Overall, I’m quite pleased with Hoop Godz! I’ll admit that I’m not the sportiest person in the entire world, so sports games can be a bit hit-and-miss for me, but I think this lands nicely! It’s a good abstraction of basketball without getting too deep into the rules and mechanics that some fans love but folks like me get kind of bored by. Plus, it does a lot of work to keep the game frenetic and interesting, so players are pretty constantly engaged. I particularly like the juice system the game uses, as it combines the best parts of action selection with an interesting recall mechanic that helpfully incentivizes players scoring while letting them take an almost-worker-placement rest action to recall if they overspend. But overspending isn’t that bad; it’s the only way to get super-valuable GOAT Cards that can change the game! I appreciate the tension that that creates for players, and the strategic balance you have to strike to do well in the game.
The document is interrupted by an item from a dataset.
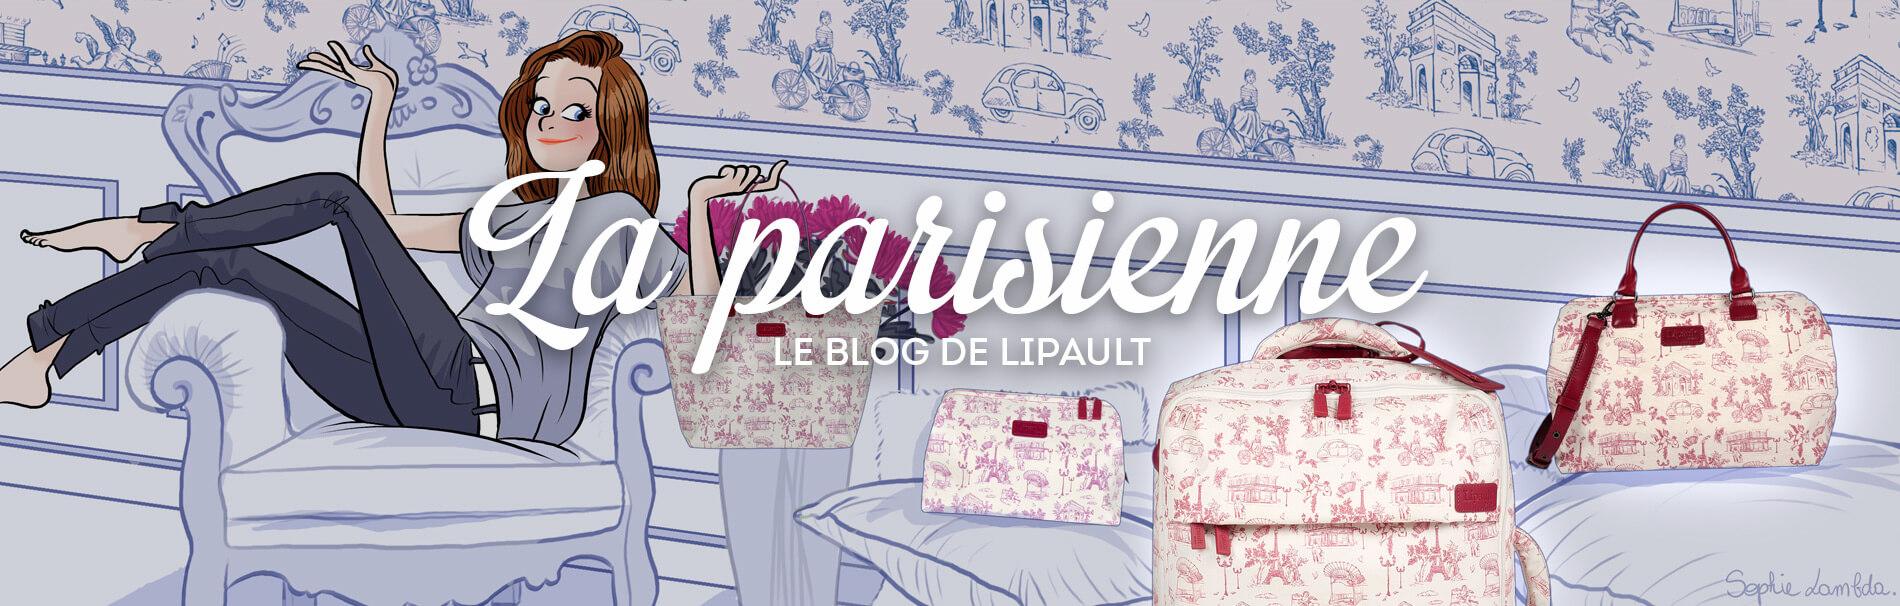 La Parisienne: The blog of lipault
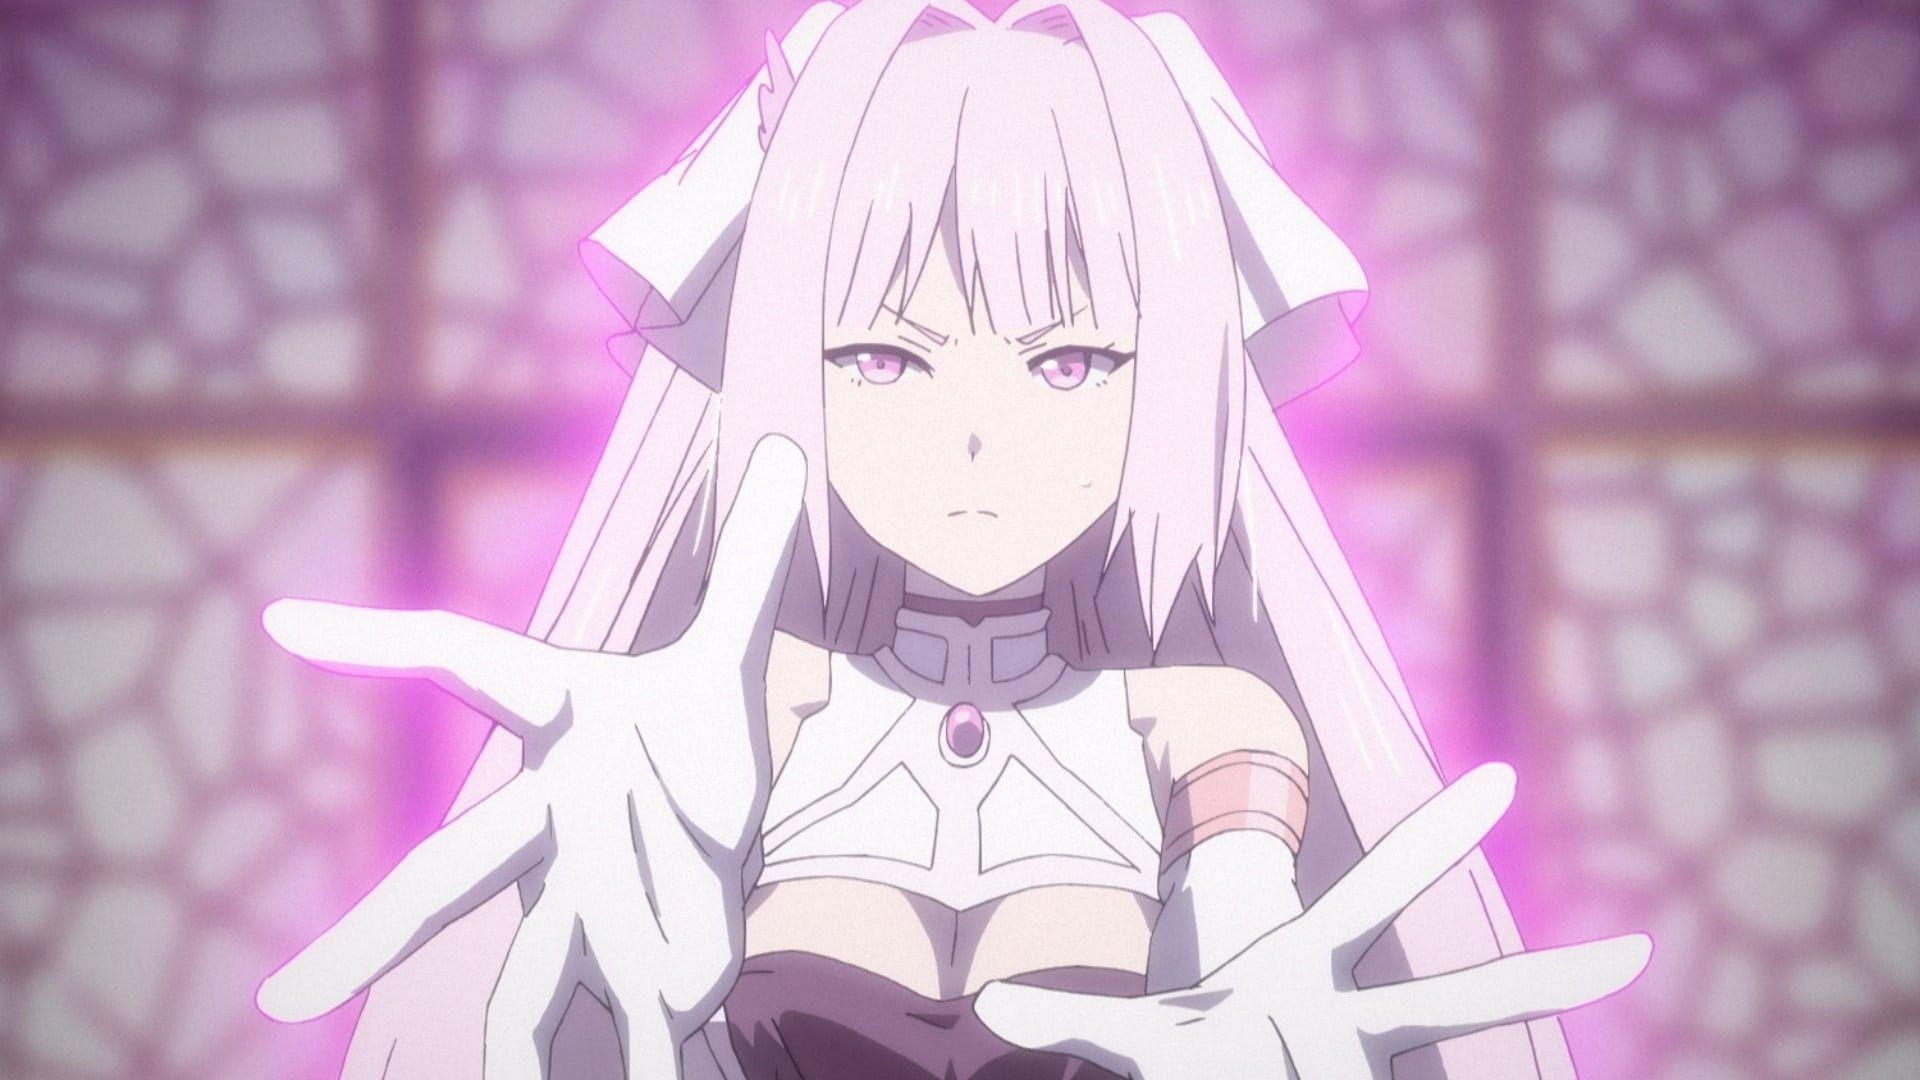 Pin de Anime HS en MaouSama Retry! en 2020 Maou sama

I will certainly say that there’s a lot of dice luck to this game (even in real-time), and while I occasionally find it frustrating that’s mostly because it cost me the game, once, and I’m a little salty about it. I can admit that to y’all; it’ll be our secret. Add in the great art and the great cast of characters and you’ve got a pretty compelling game, in my opinion. I love that having a diverse team sets you up for success (as different cards benefit different playstyles), and I think that’s a great guiding principle for the game. Either way, if you’re looking for a strategic sports game, you’re a huge basketball fan, or you enjoy some real-time dice battles, Hoop Godz may end up being a slam dunk for you!